April in Leipzig

Lili LamengSicher ist der „April in Paris“ ganz wunderbar, ich war vor langer Zeit um Ostern dort, zeitgleich mit vielen anderen, die den Song kennen oder eine Gruppenreise gebucht hatten. Und es stimmt, das Frühjahr ist in Paris einfach himmlisch, wenn man in ausreichendem Maße der französischen Sprache mächtig ist und somit gelassen die Reize der Stadt der Liebenden genießen und dort im impressionistisch anmutenden Sonnenschein in den Tuilerien lustwandeln kann.

Das Internet versucht, mir den Frühlingssong in Verstümmelung für mein Handy anzupreisen, gleich daneben eine Anzeige: „Verhütung war gestern“. Was meinen die? Dass man, wenn man „April in Paris“ hört, nur noch den Frühlingsgefühlen gehorchen soll, einfach so, mit allem Drum und Dran? Vor allem zur Zeit der Kastanienblüte, wie es in dem Song heißt, also dieser Tage? Im Auewald gleich bei mir um die Ecke blühen sie fast schon, die Kastanien. Kann man „April in Paris“ auf Leipzig übertragen?

Es ist auch hier wunderschön, allerdings kenne ich keinen Jazzsong, der in Leipzig spielt, dafür hat aber ja Bach hier gewirkt, auch zu Osterzeiten, nur ging es da vordergründig nicht um den Monat, der auch Wandelmonat oder Launing genannt wurde.

Achtung also, sage ich mir, Launing, nicht mit mir.
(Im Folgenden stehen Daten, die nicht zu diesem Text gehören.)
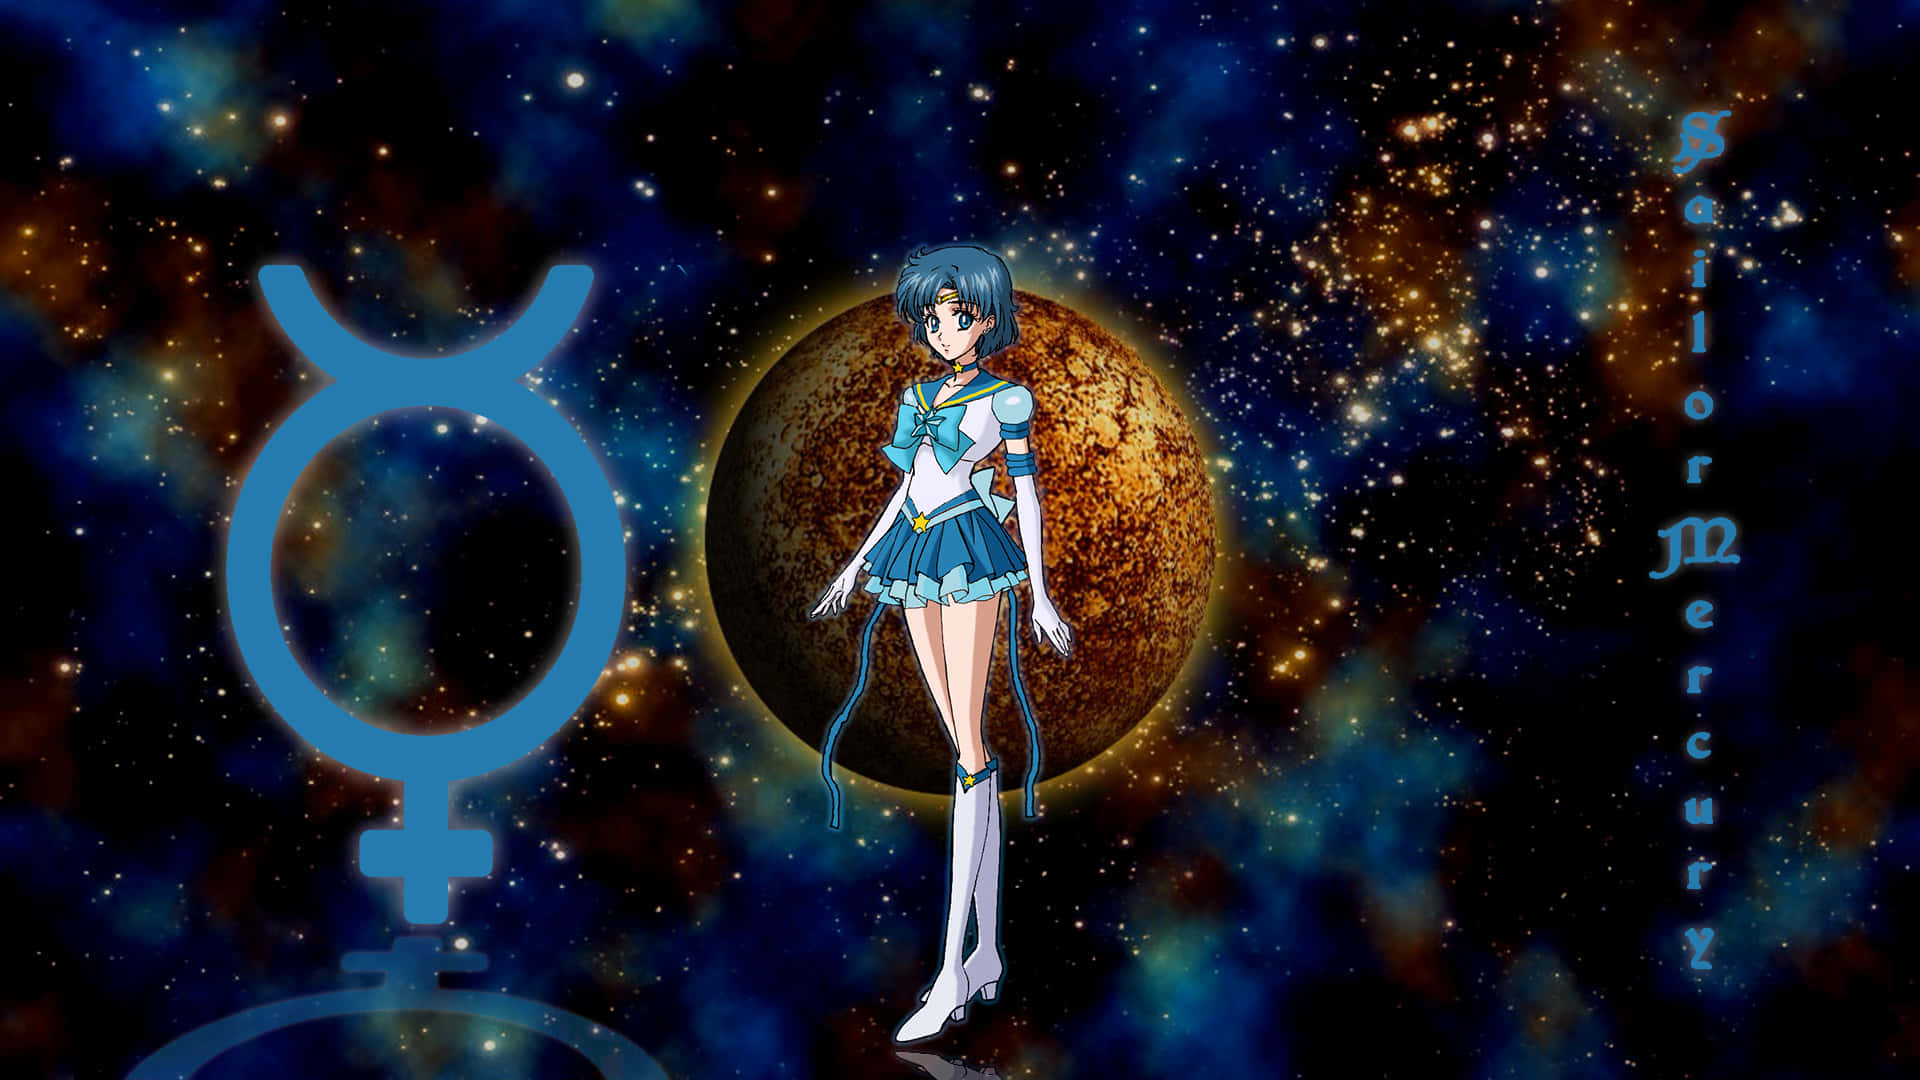 Taurus Sign With Sailor Mercury

Vielleicht gilt für den April, was für Paris gilt, egal, ob in der Stadt der Liebe oder in Leipzig, wir hier nennen die Bachstadt L.E., in Anlehnung an eine andere Weltstadt, L.A. Schließlich heißt es auch in „Under Paris Skies“: „Stranger beware, there’s love in the air under Paris skies. Try to be smart and don’t let your heart catch on fire.“ Ich versuche also, trotz blühenden Flieders meinen Verstand beisammen zu halten.
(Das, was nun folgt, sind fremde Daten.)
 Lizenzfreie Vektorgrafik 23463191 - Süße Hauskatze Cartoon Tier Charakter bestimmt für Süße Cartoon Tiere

Im März fällt das leicht, doch jetzt? Lese ich doch, dass sich der Name Paris möglicherweise auch auf die sich öffnenden Knospen im Frühling bezieht, falls man ihn vom Lateinischen aperire („öffnen“) herleitet. Keinesfalls werde ich mich gehen lassen, will ich doch später nicht klagen wie in „Paris Skies“: „I wasn’t smart and I lost my heart under Paris skies. Don’t ever be a heartbroken stranger like me.“

Ich hätte mich auch ablenken können, gerade am letzten Wochenende fand hier ein Marathonlauf statt, doch dafür hätte ich spätestens im Dezember mit dem Training beginnen müssen, zwischen Adventssternebasteln, dem Spielen auf Weihnachtsfeiern und Backen.
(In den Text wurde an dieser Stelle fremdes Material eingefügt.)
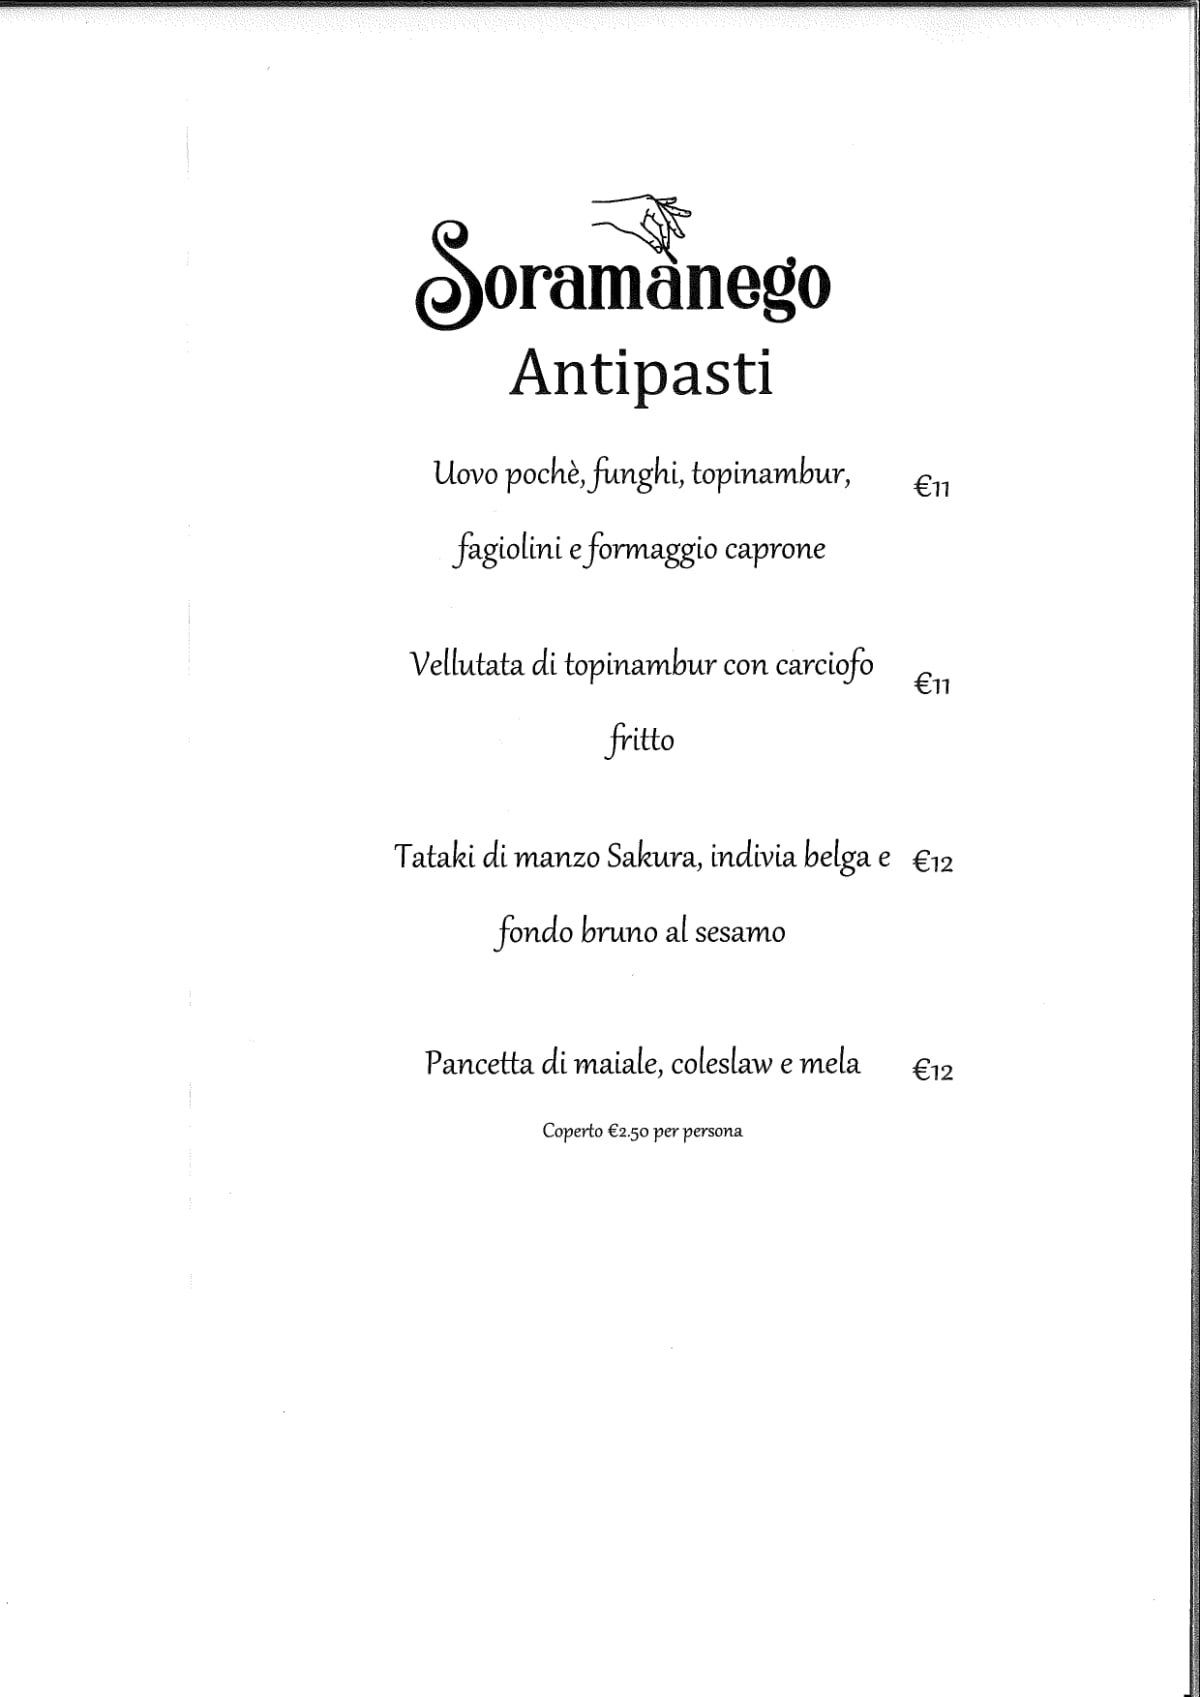 Soramànego  menu

Doch ich tröste mich damit, dass es vielleicht ausschließlich die Kombination Paris/April ist, die einen, sollte man sich von den Kastanienblüten irritieren lassen, dann gegen Ende des Sommers reuig werden lässt. Meine Recherche allerdings gibt mir nicht so viel Hoffnung. Da gibt es ein Buch mit dem Titel „Liederliches Leipzig – Noten und Liedtexte zum Stadtrundgang“. Das veranlasst mich, auf der Hut zu bleiben, zumal man als Musikerin von vornherein dem Verdacht der Liederlichkeit ausgesetzt ist. Ich lenke mich mit Gehirnjogging ab, übe Skalen und versuche zu verinnerlichen und zu begreifen, dass der April mit demselben Wochentag wie der Juli beginnt und in Schaltjahren auch wie der Januar.